Understanding how events in the external world guide actions provides a fruitful and important domain for engineers and biologists to interact Visuomotor control of eye movements provides an elegant model system to investigate mechanisms of selection and control. This paper describes the work that has focused on the neural processes that select the target for an eye movement and the neural processes that regulate the production of eye movements. Current evidence indicates that salient visual targets are located through a temporal evolution of a selection process in which the responses to nontarget stimuli are suppressed, leaving the activation representing the target maximal. Once achieved, the selection of the target leads to stochastic growth of movement-related activity towards a fixed threshold to generate the gaze shift.

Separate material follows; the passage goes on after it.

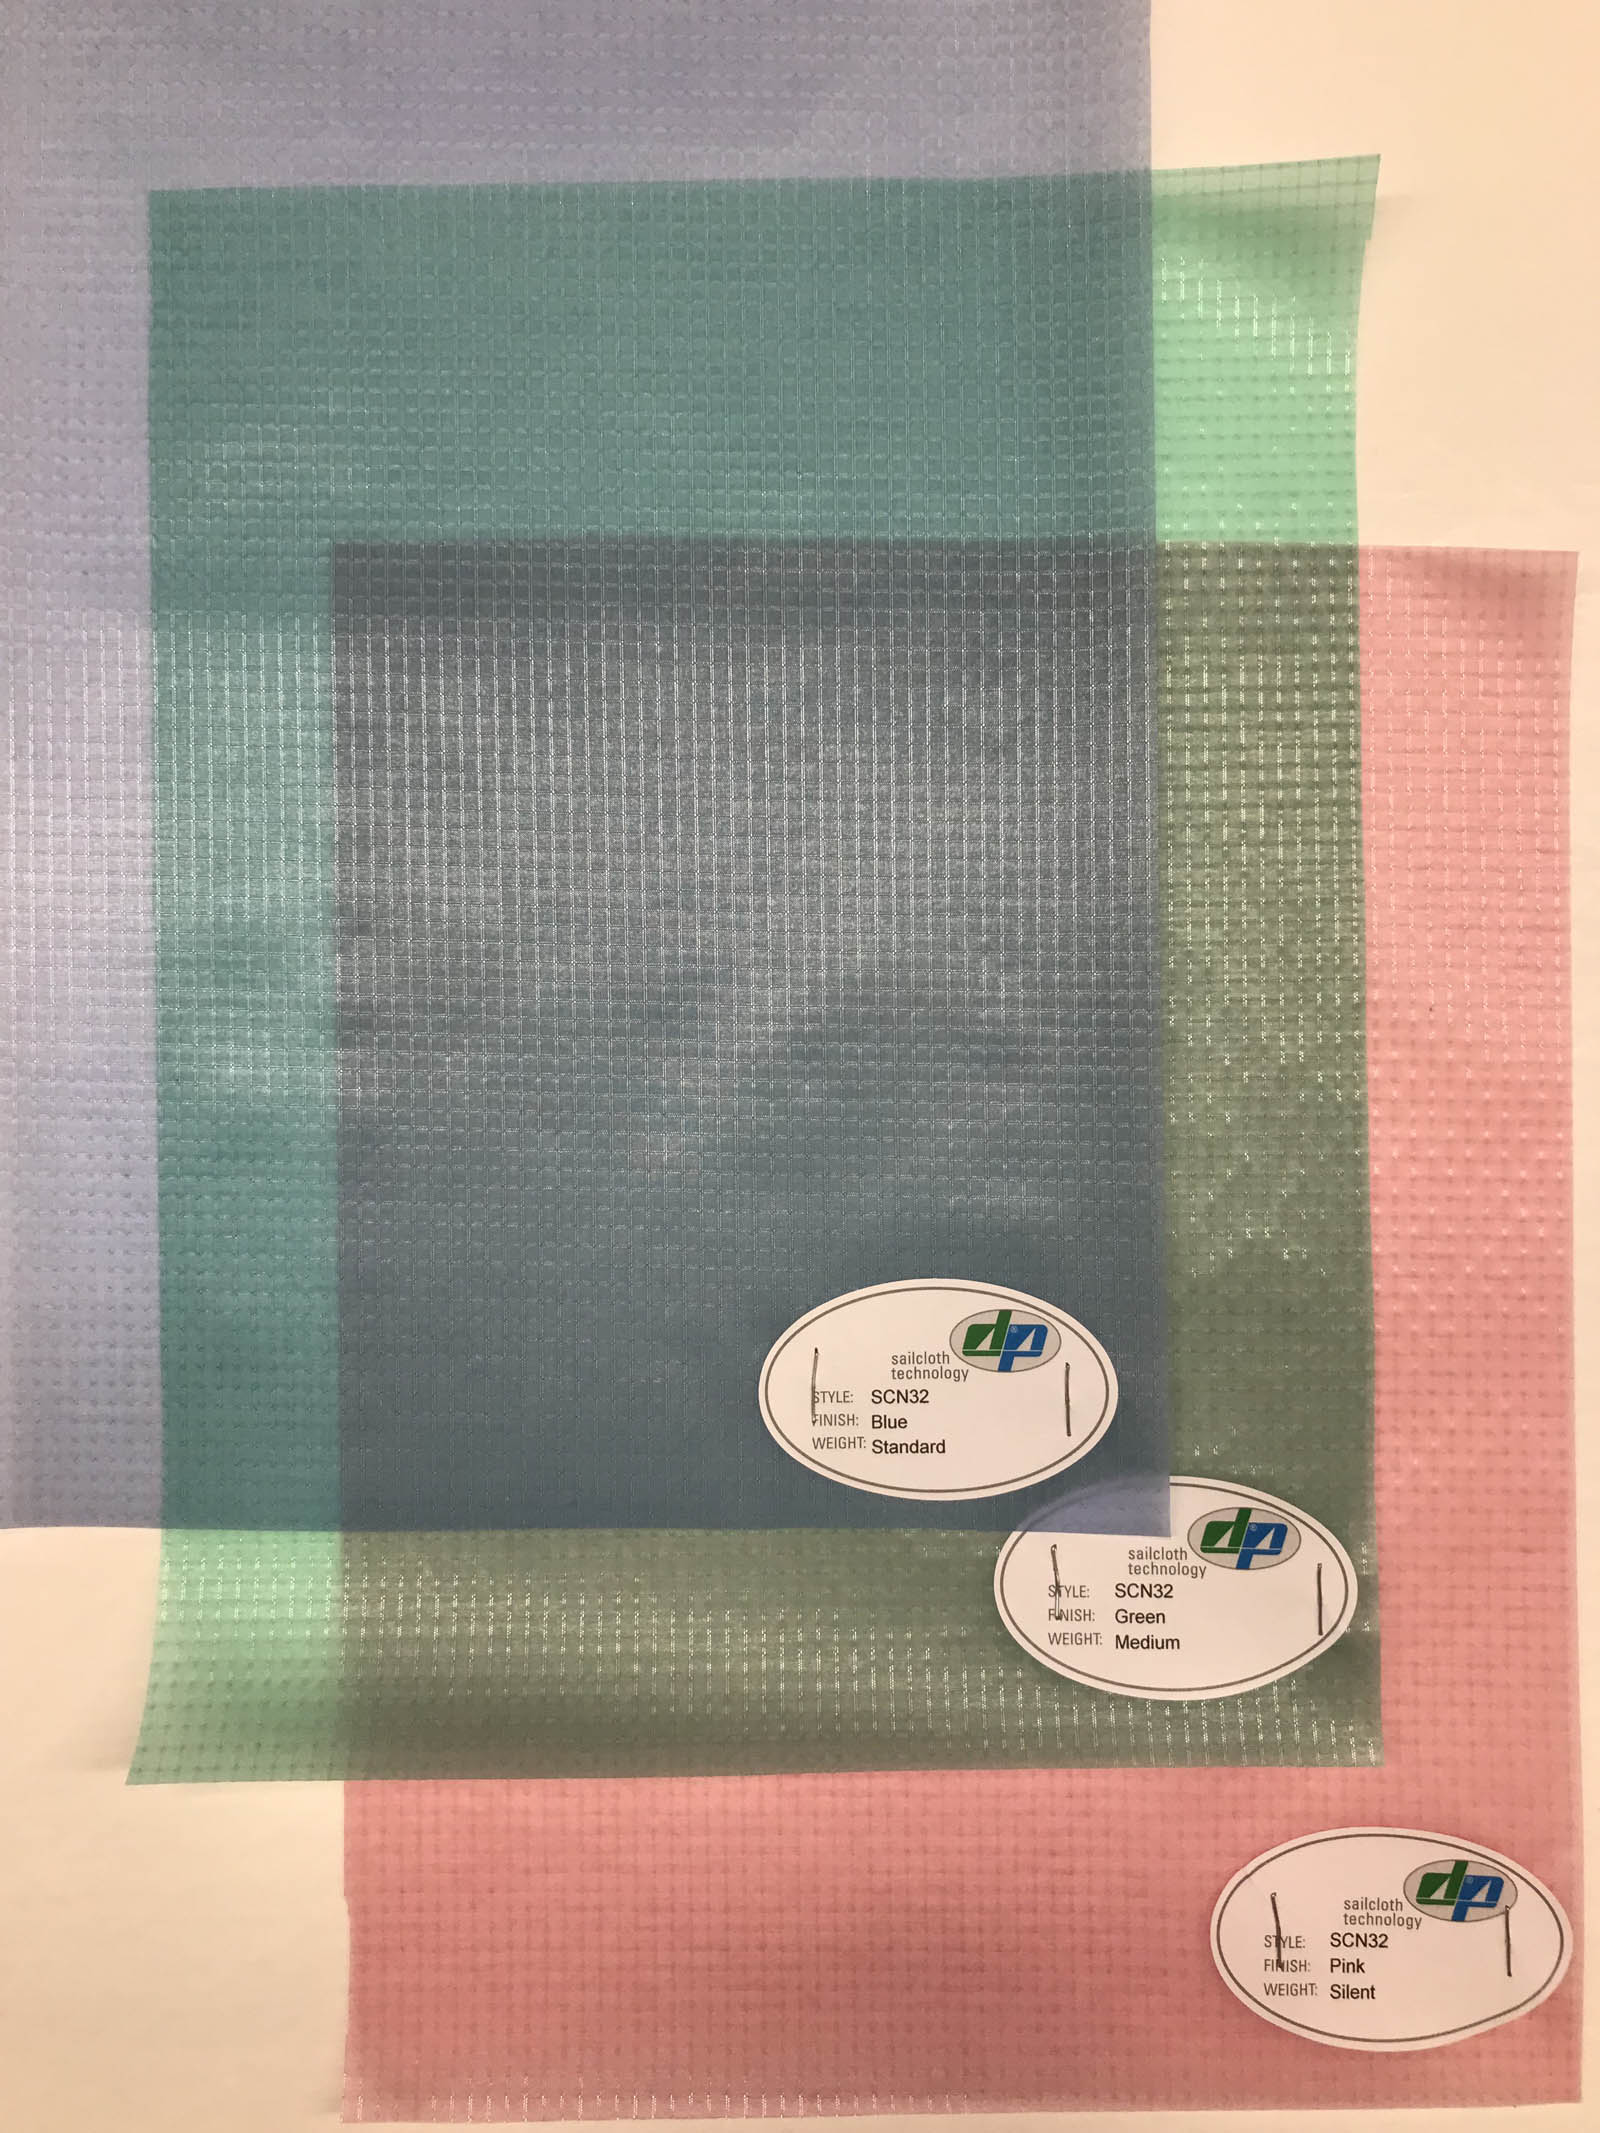 DP Low-Friction Medical Fabric Image

The signals and processes that have been observed in areas of cerebral cortex of behaving monkeys may motivate biologically inspired solutions to some engineering problems in robotics.

Additional information

Notes on contributors

Aditya Murthy

Aditya Murthy is currently Research Scientist at the National Brain Research Centre, Manesar, where he studies how vision and cognition guide action using eye movements as a model system. His graduate training was with Dr Allen Humphrey in the Department of Neurobiology at the University of Pittsburgh where he examined the neural mechanisms involved in the processing of motion by the visual system. For his postdoctoral training he worked with Dr Jeffrey Schall at Vanderbilt University studying the primate visuomotor system to more directly relate neural activity to psychological functions and behaviour. Neural activity recorded from non-human primates during cognitively demanding behaviours have led to a deeper understanding of the neural mechanisms that select stimuli for action and control movement production. He believes this approach will provide answers to many questions that are central to cognitive neuroscience.